小时候商谈宴还属兔,那时候我烦他,就爱叫他兔崽子,我爷掰了多少年,要不是后来他死了,我这口儿啥时候都改不过来。
可好,这会儿一叫他还过来了。
我白他一眼,“没叫你。”
商谈宴:(⊙o⊙)
院子里有人忍不住笑。
二亨看看我看看商谈宴,似乎终于想起来我的恐怖,“小姑,你骂他就不能打我了。”
嘿我这暴脾气,我直接撸袖子一柳条儿甩上去,就抽那骨头缝儿,哪儿疼抽哪儿。
我抽人疼,但是绝对无伤害,家里都放心。
“陈传山,你厉害了啊你,还不上学?你要上天啊?”
二亨疼的直抽气,用手捂着被我抽过的地方不断扭曲的蹦跶,“小姑你不讲理,为啥小叔能不上学,我就不能。”
我气乐了,“他学习好,回回考试第一,你哪次拿第一了?”
二亨:……
“小姑!小姑我错了,你别打了!”
我说,“你哪儿错了?”
二亨:“我上学,我上学还不行吗?别打了,疼……小姑我疼。”
我把柳条儿停了,“问他,你不上学,山上有几只狐狸几只黄皮子你都数不明白,回头黄皮子糊弄你就跟糊弄傻子一样儿,你连个本事都学不明白,狐狸说啥你就信,你能知道人家骗你吗?”
二亨惊恐的瞪大眼睛。
哦吼,被我戳心窝子了。
这死小子想啥了?
我大哥一听脸色难看,过来就薅着二亨拽到供仙家那屋,把二亨踹的跪下,“跪着,什么时候想明白什么时候再说。
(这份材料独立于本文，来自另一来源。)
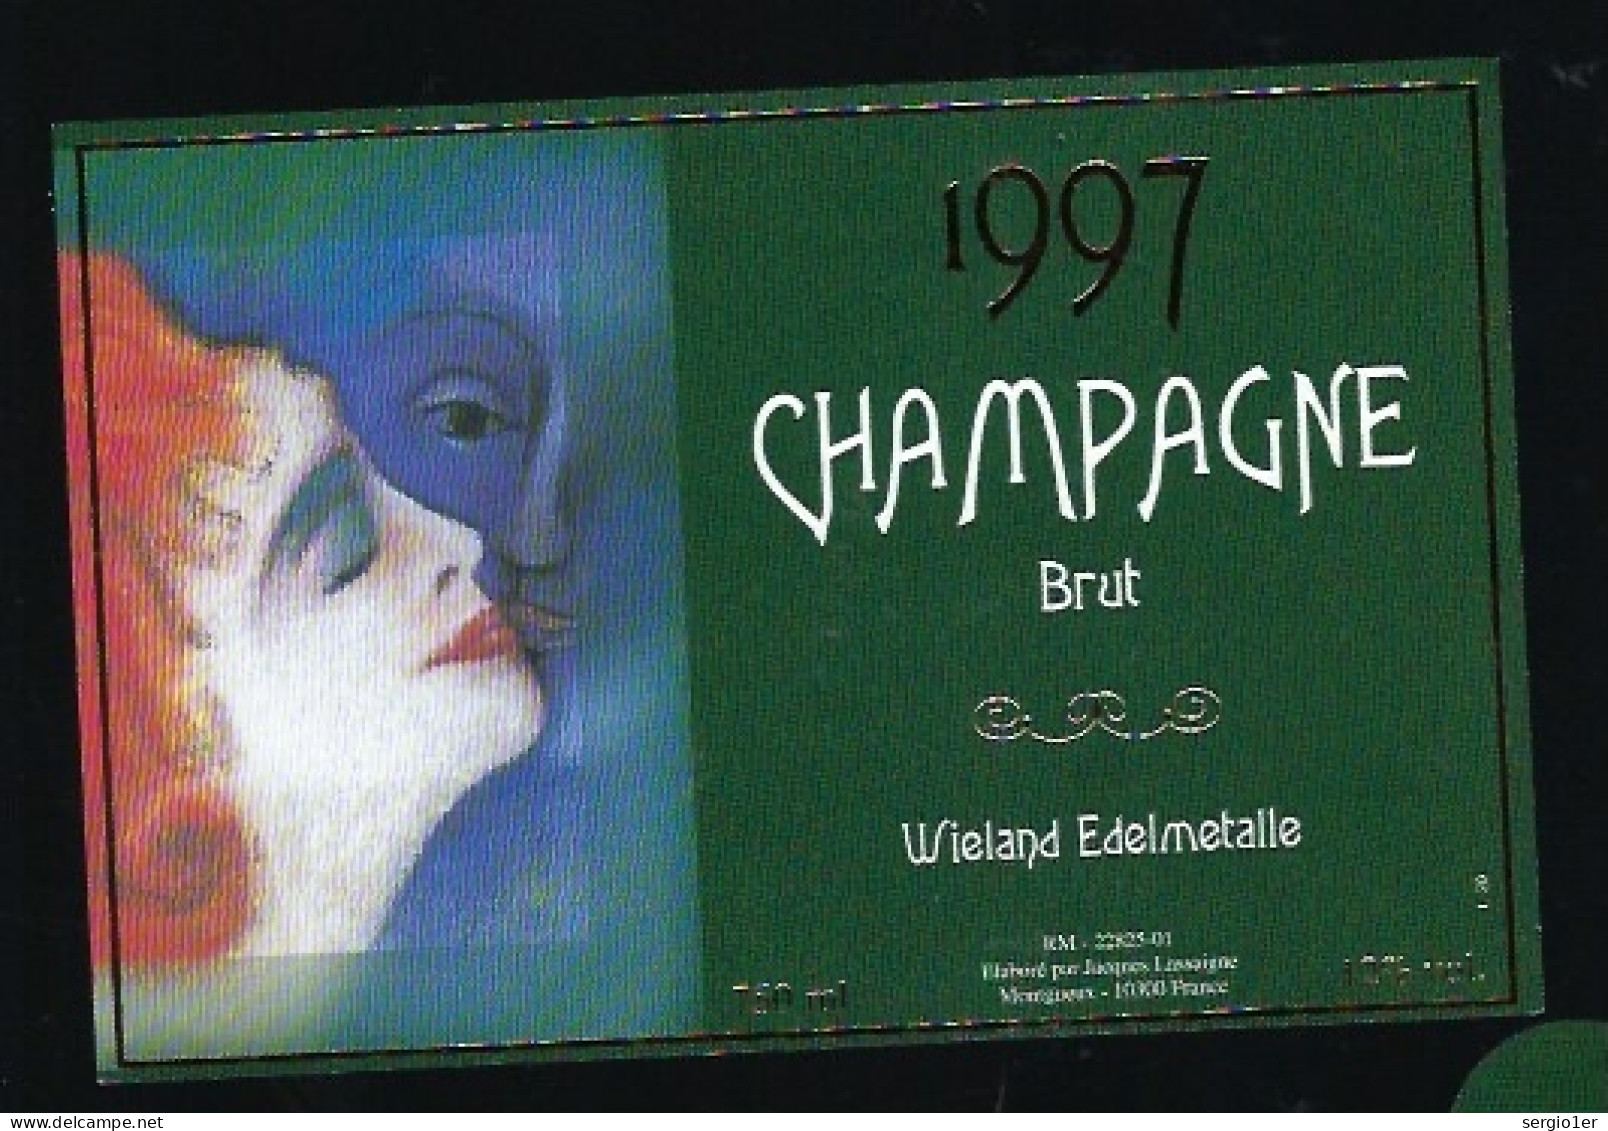 Etiquette Champagne Brut Millésime 1997 Wieland Edelmetalle  Jacques Lassaigne Montgueux Aube 10    " Femme" - Champagner

”
大家都挺沉默,他们虽然没听明白,但是孩子不学好都愁得慌。
我爷叹口气,看一眼崔喜。
我拉着崔喜,“大嫂我想吃肉包子,你做的最好吃。”
崔喜立即答应,“我这就给你做,在家待多久啊?别急着走,你走这俩月家里都想你。”
我们俩说笑着进厨房,这次我没着急走,故意等着看看我三哥还会不会接到着急让他回去的电话。
虽然我们收拾完叶梅尸体以后,接触的事儿跟幻境完全不同,却也有些惦记幻境里我三哥印堂发黑的事儿。